◆ **How to complete this task**: Reproduce the data below in full and exclude every picture.

◆ **The data**:
....................
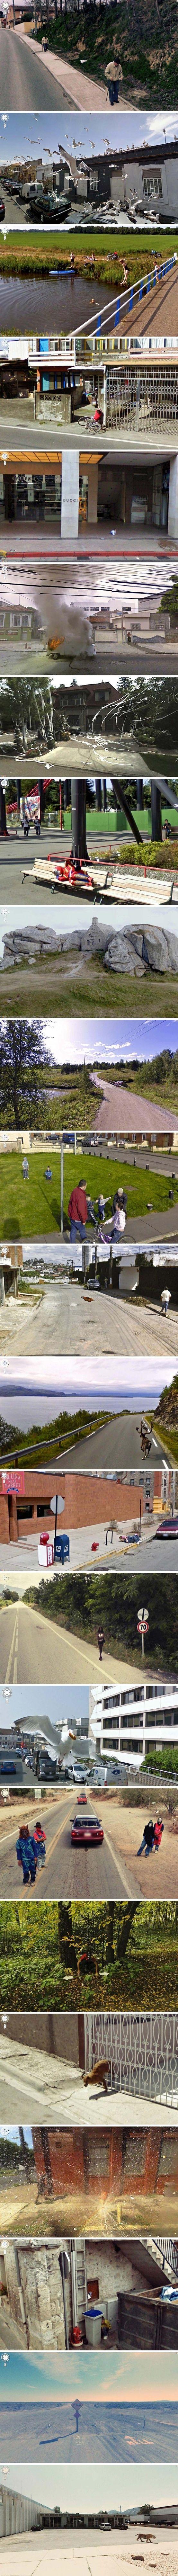 The Google Maps camera catches some EPIC stuff - Little White LionLittle White Lion
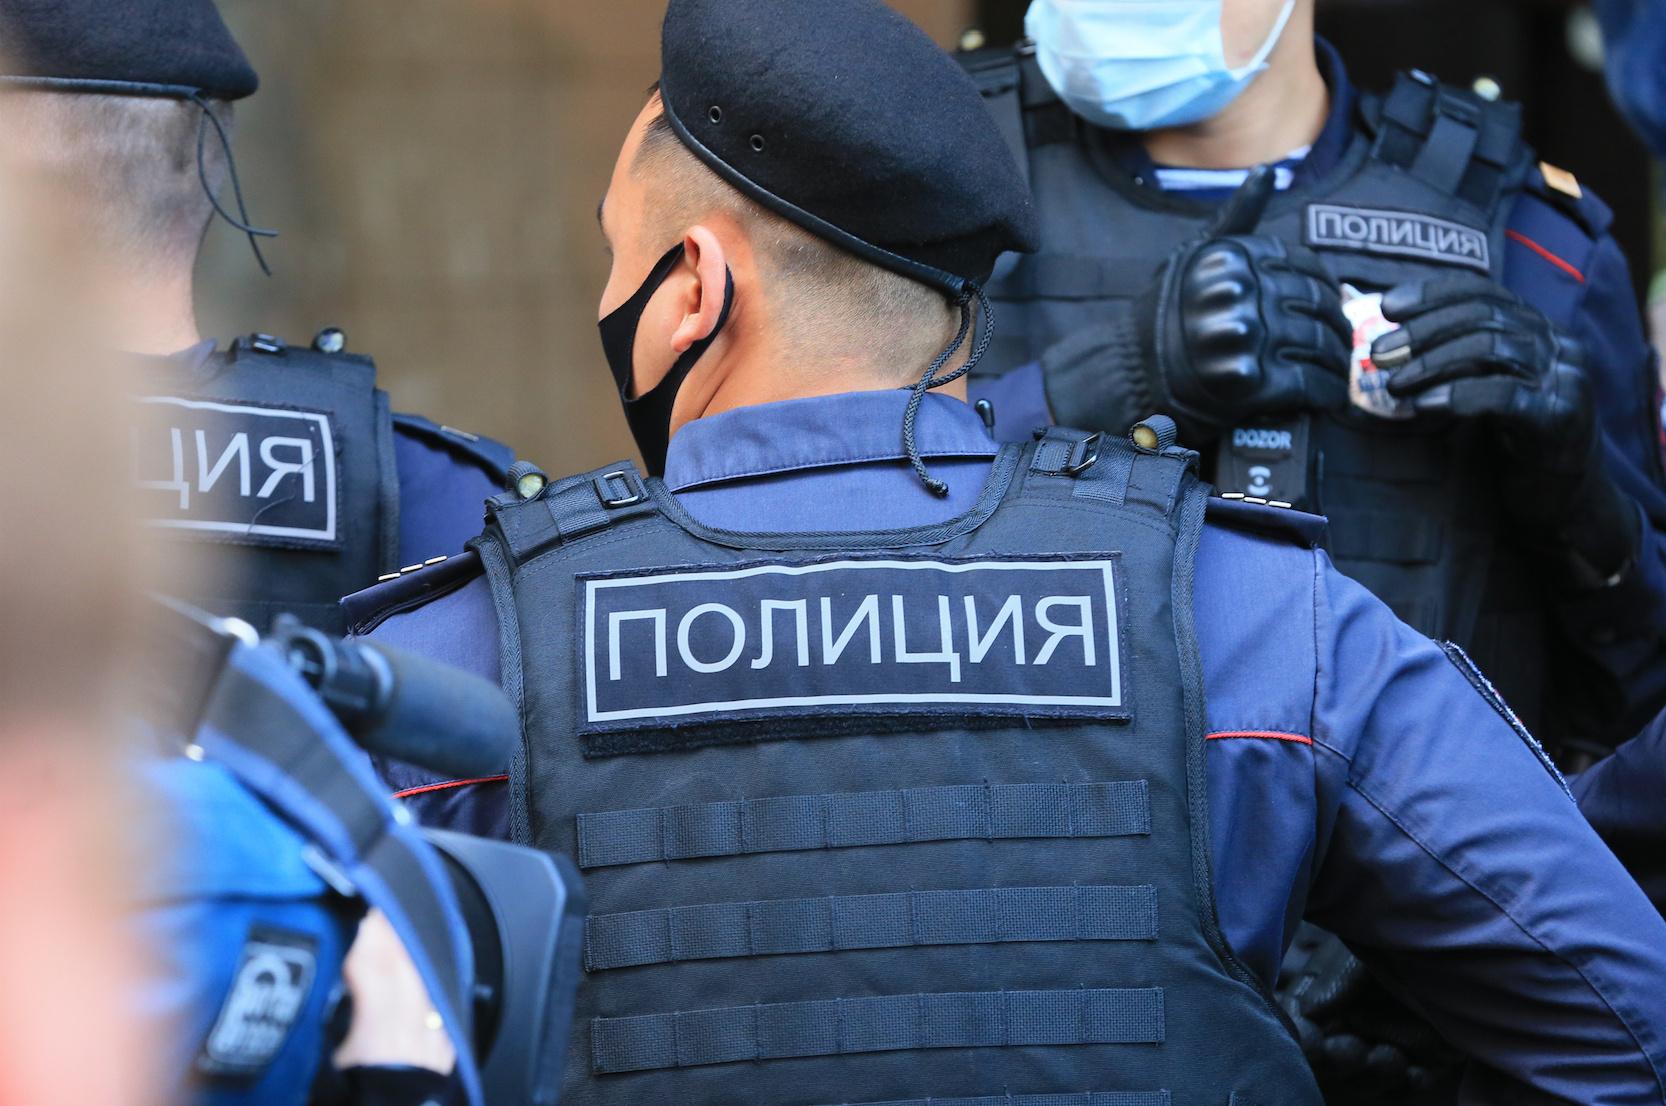 В Татарстане подросток напал на полицейских с ножом и коктейлем Молотова. Его застрелили
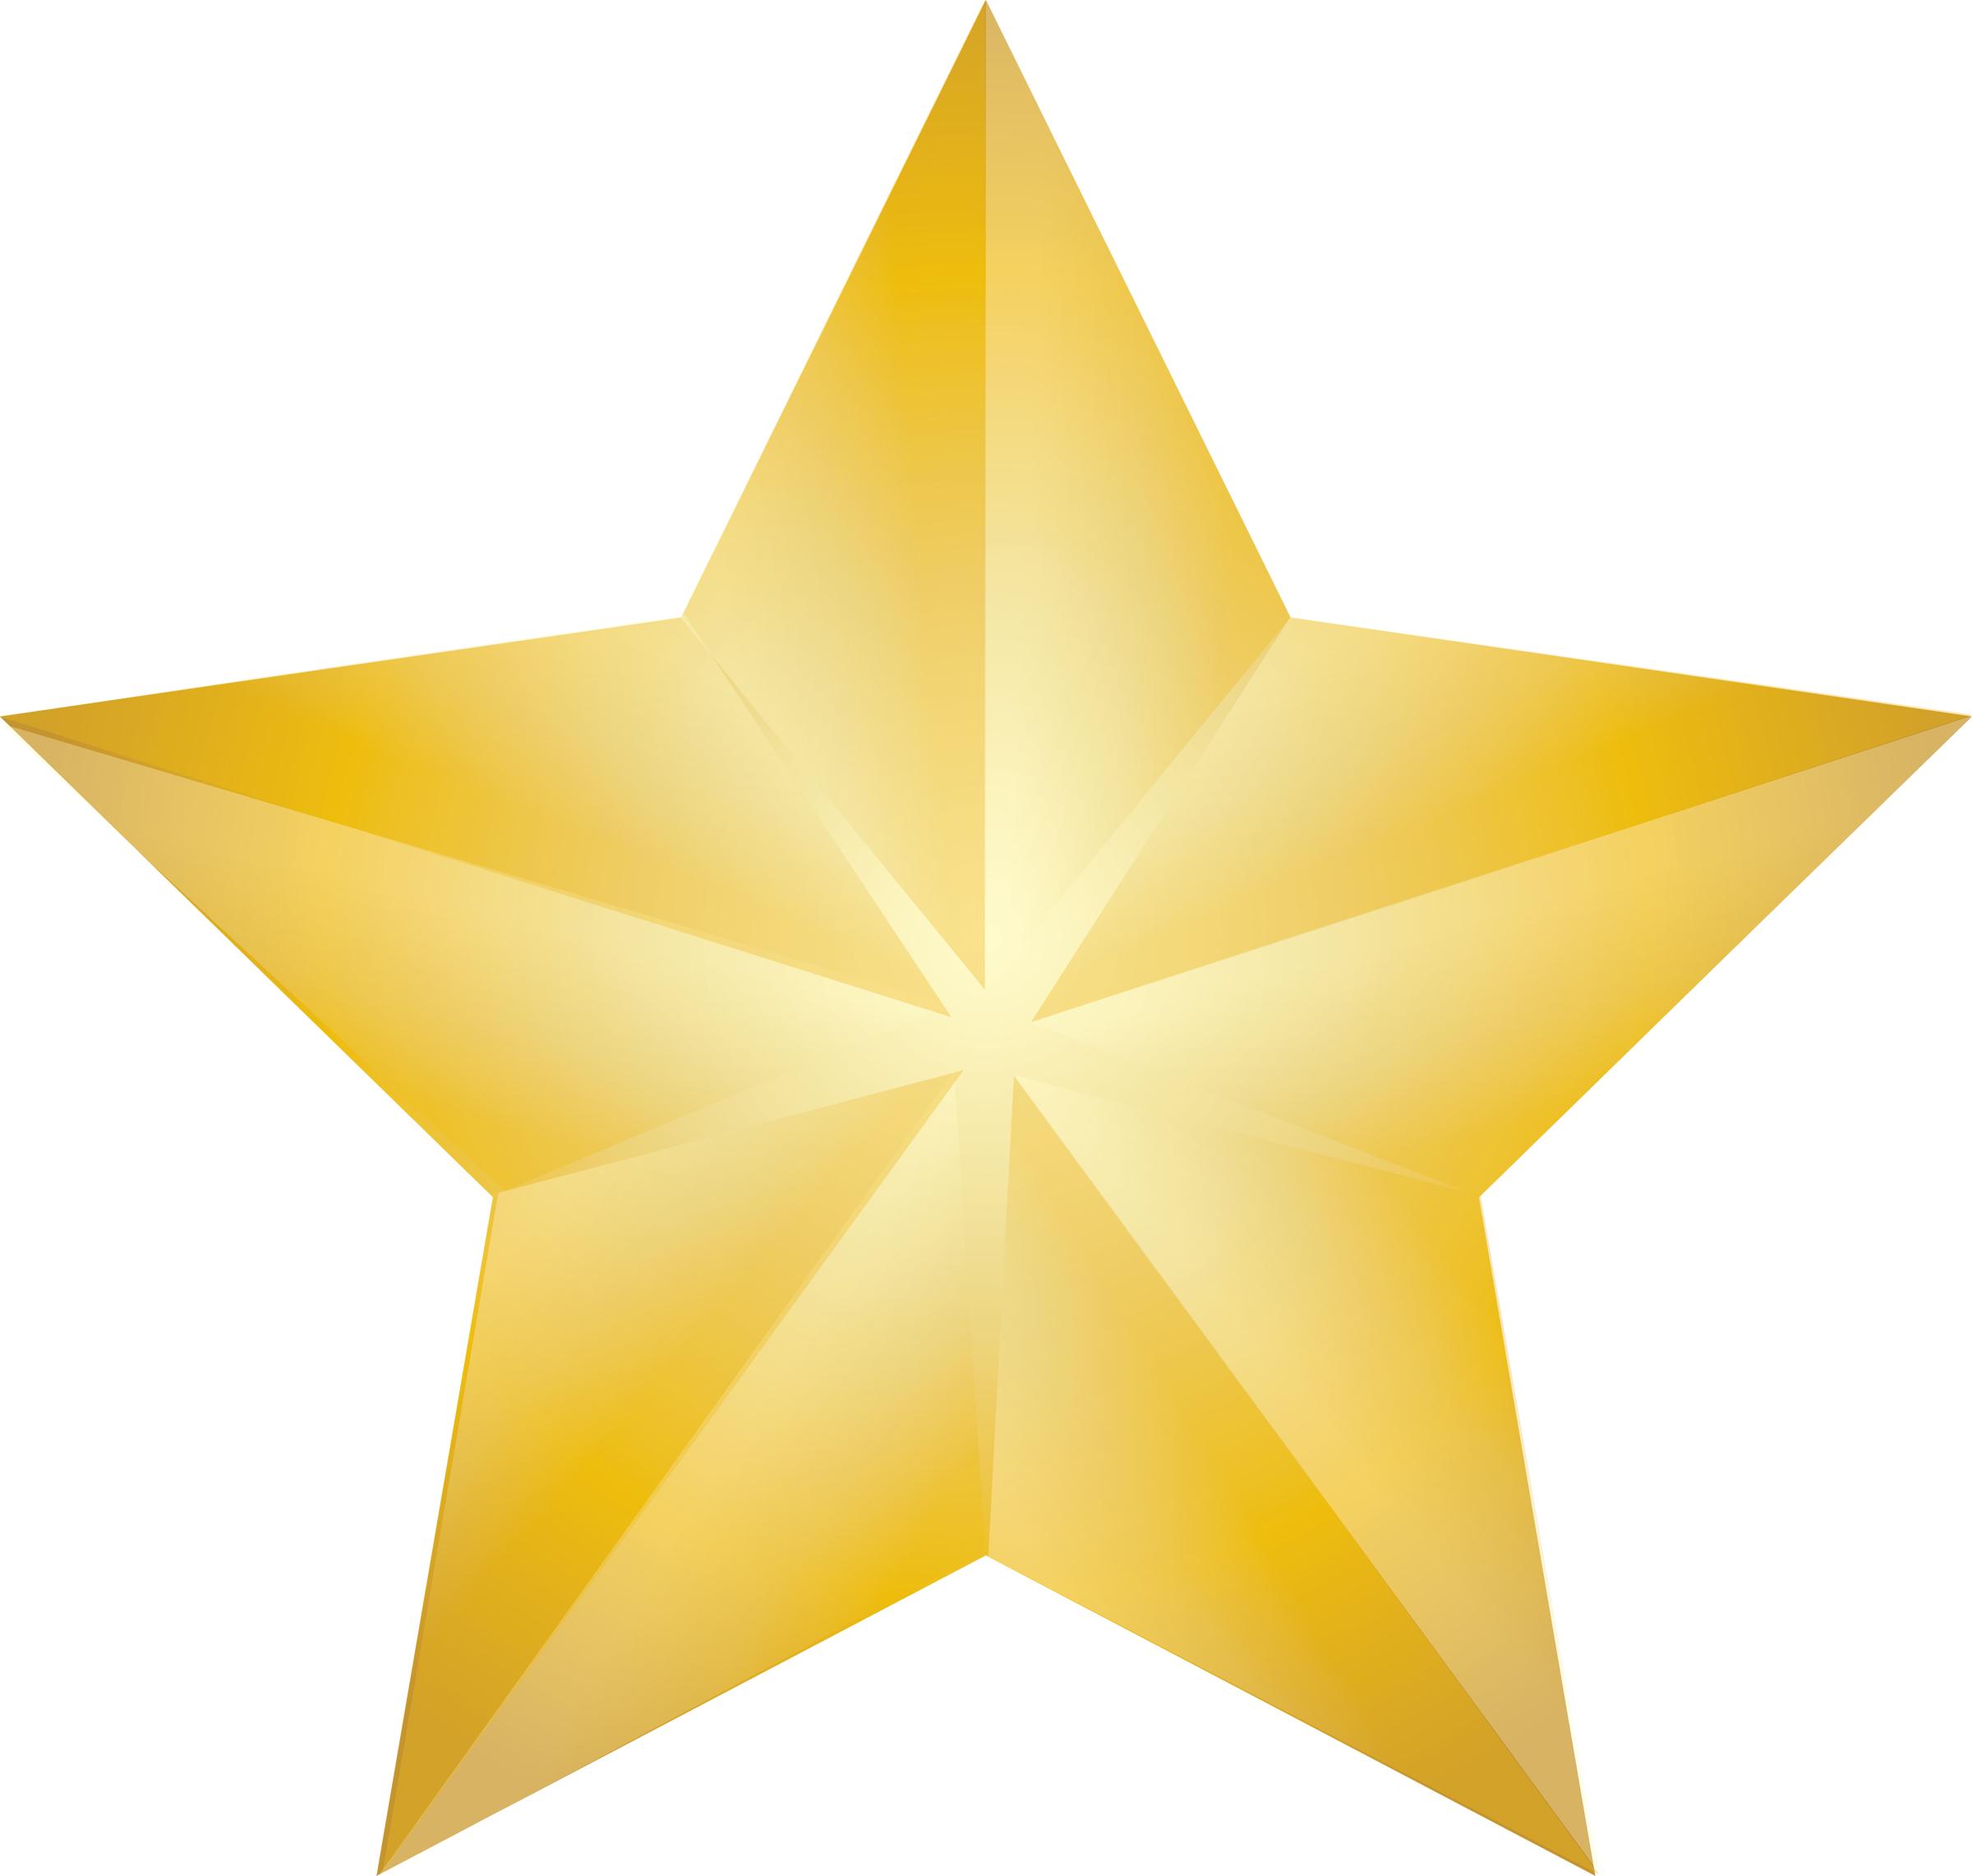 Clip Art Illustration Of A Shining Gold -Clip Art Illustration Of A Shining Gold Christmas Star St Paul S-2
....................
◆ **Reply to the exercise**:
 The Google Maps camera catches some EPIC stuff - Little White LionLittle White Lion
 В Татарстане подросток напал на полицейских с ножом и коктейлем Молотова. Его застрелили
 Clip Art Illustration Of A Shining Gold -Clip Art Illustration Of A Shining Gold Christmas Star St Paul S-2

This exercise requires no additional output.